» **DATASET CONTENT**
--- --- ---

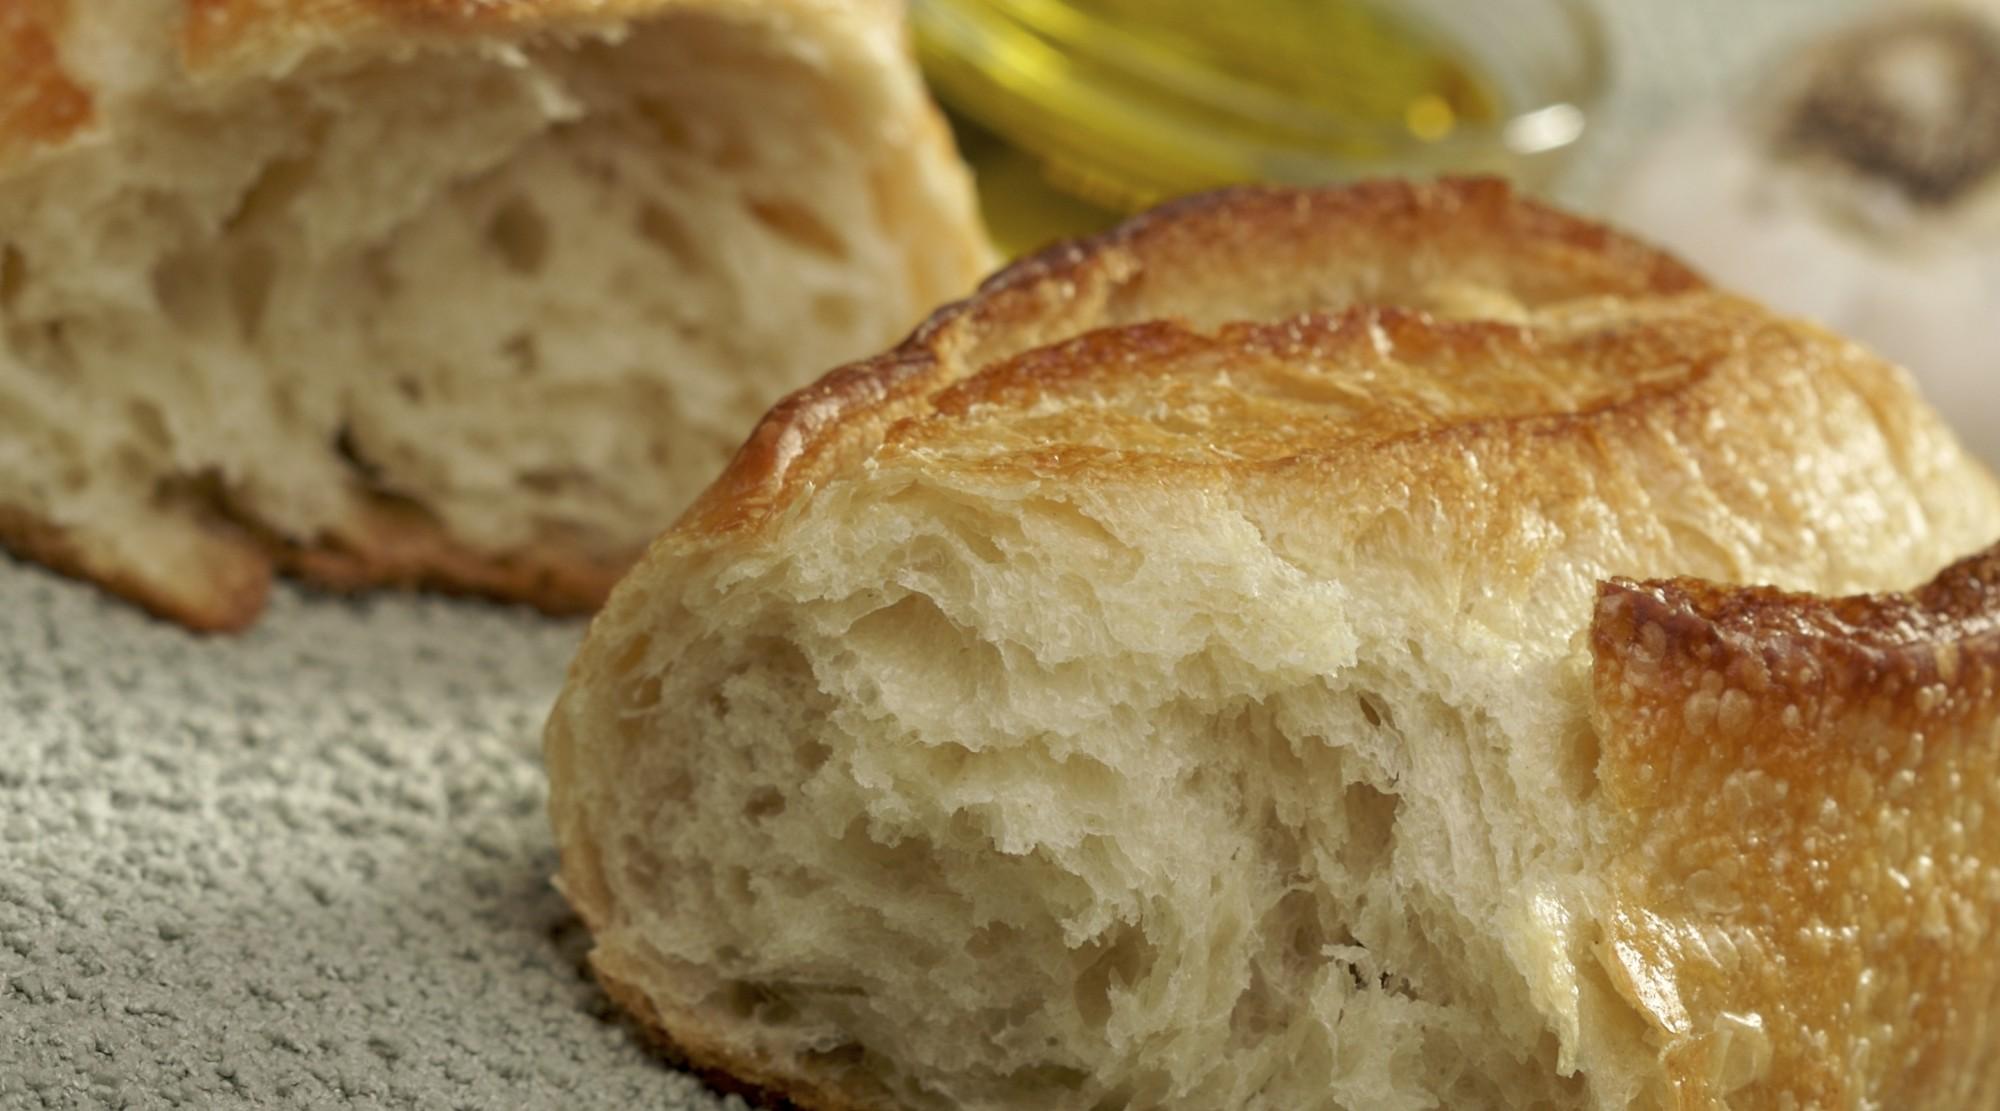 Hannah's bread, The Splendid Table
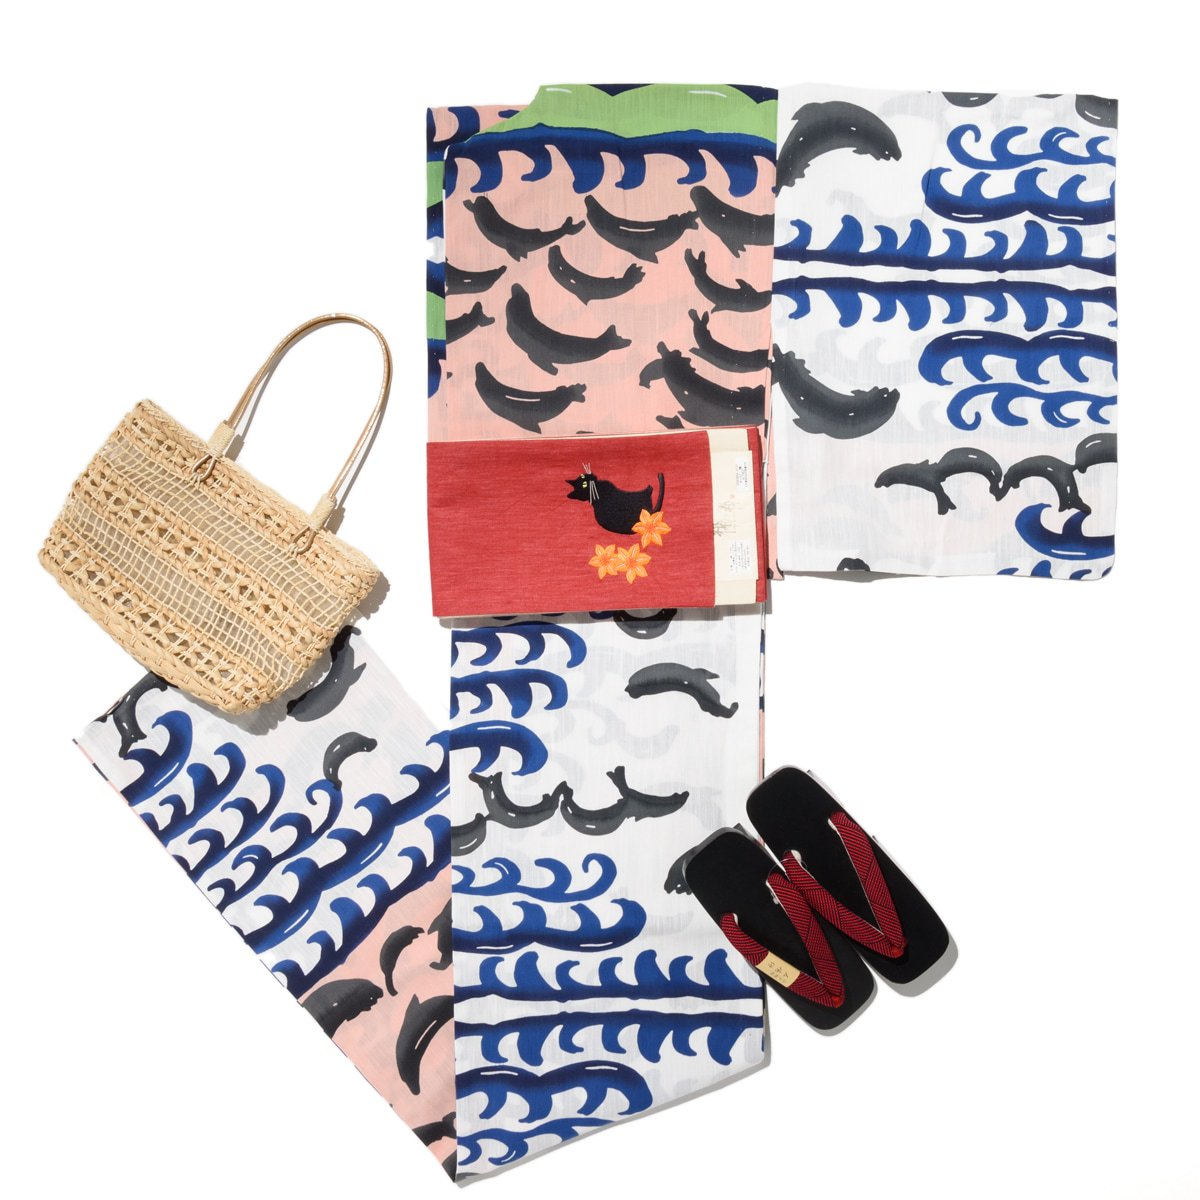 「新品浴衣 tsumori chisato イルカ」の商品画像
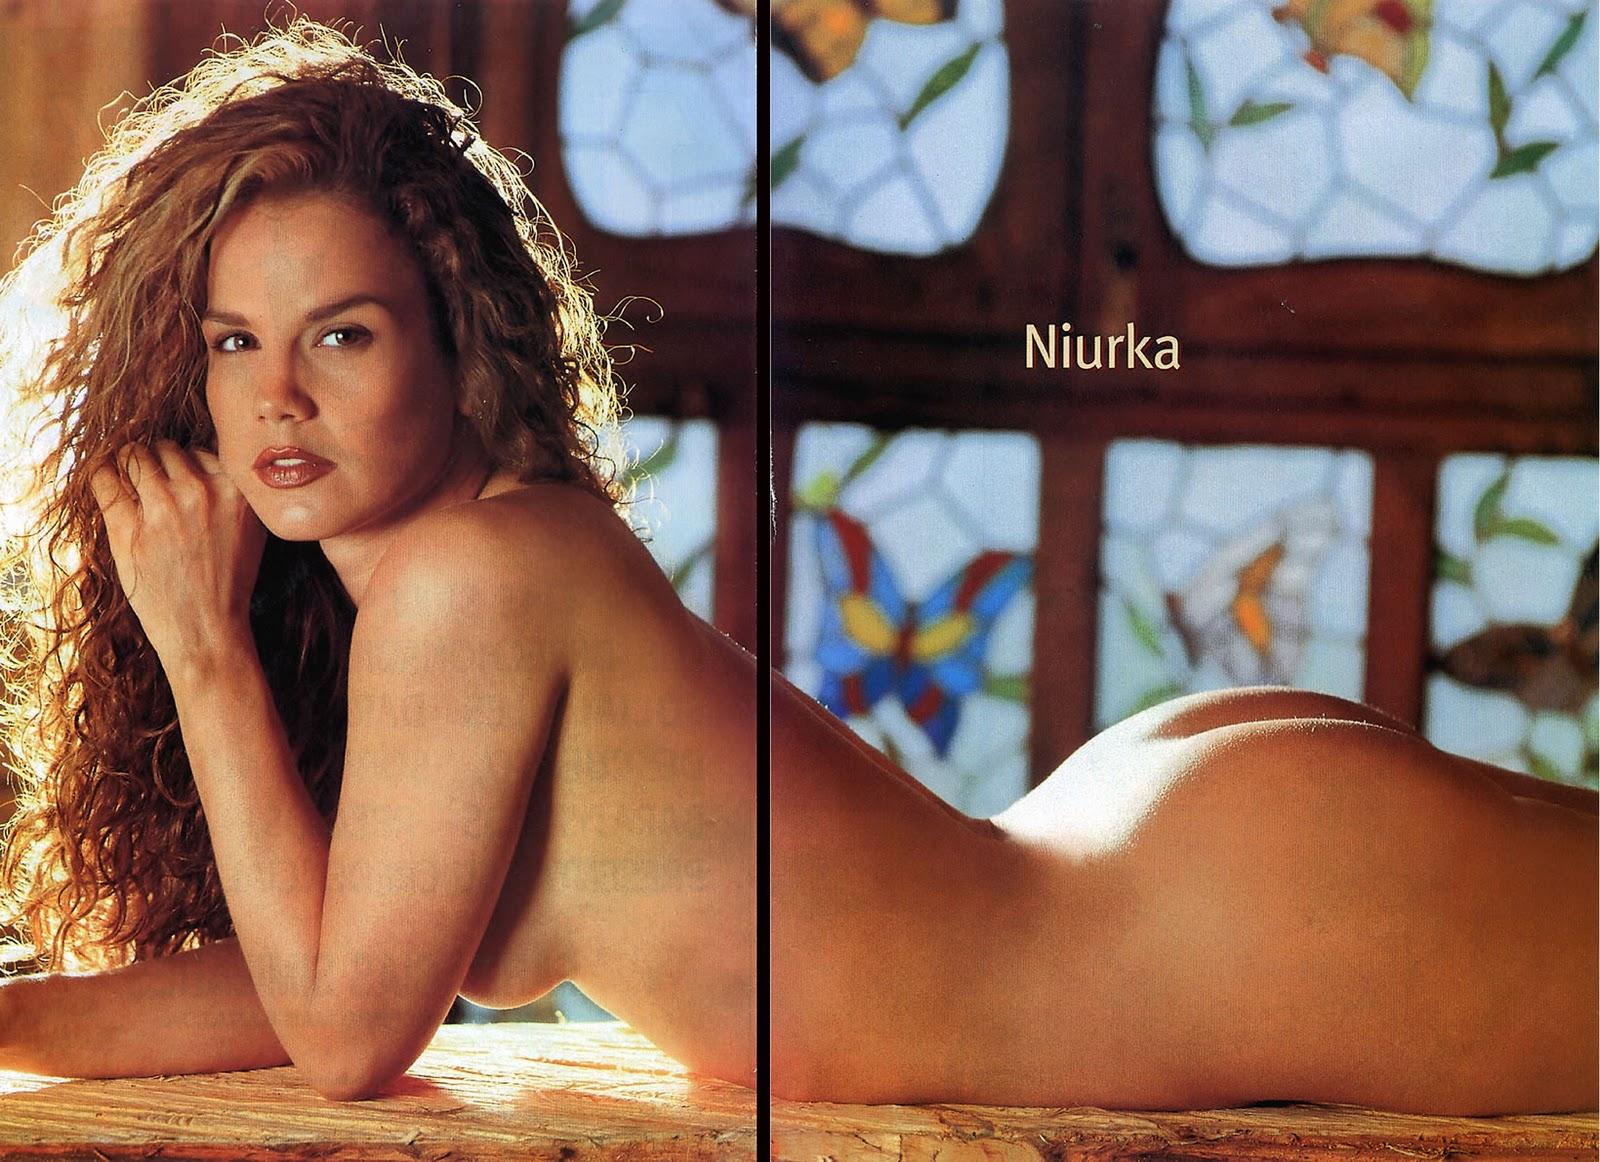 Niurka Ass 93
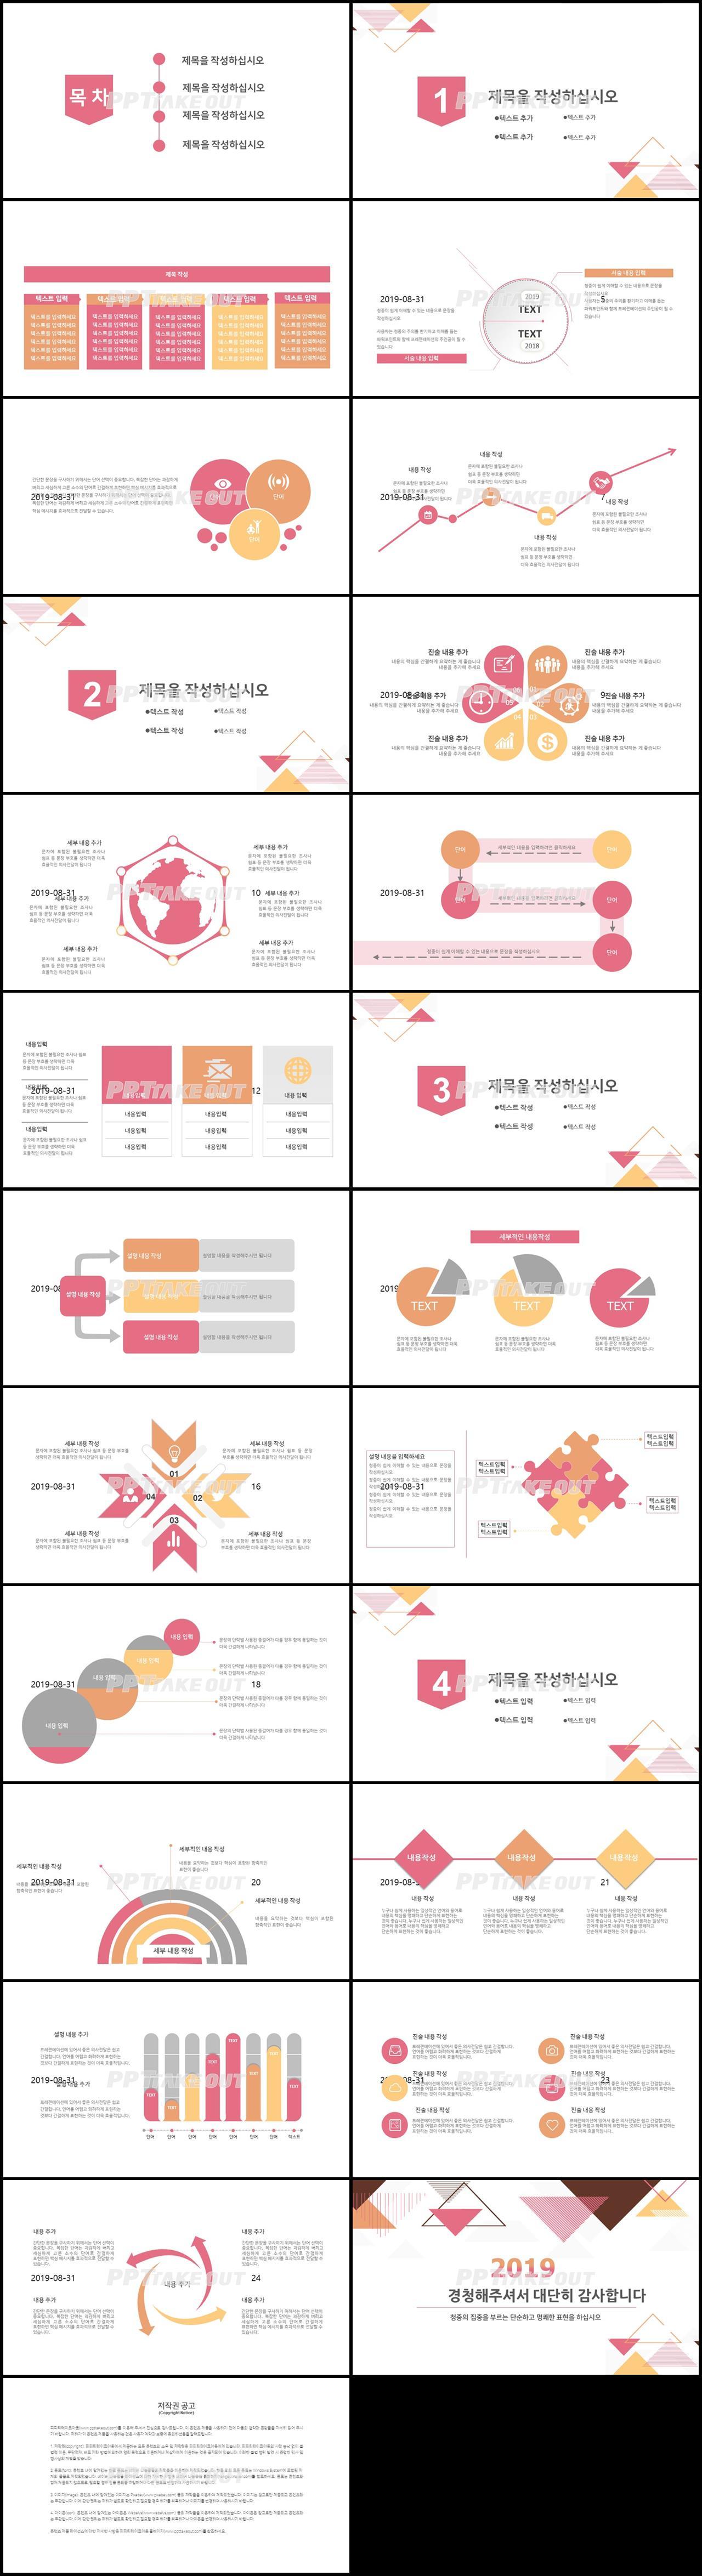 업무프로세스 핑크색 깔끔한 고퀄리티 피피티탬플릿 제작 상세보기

--- --- ---

Retype the data above exactly; pictures are not part of the copy.

 Hannah's bread, The Splendid Table
 「新品浴衣 tsumori chisato イルカ」の商品画像
 Niurka Ass 93
 업무프로세스 핑크색 깔끔한 고퀄리티 피피티탬플릿 제작 상세보기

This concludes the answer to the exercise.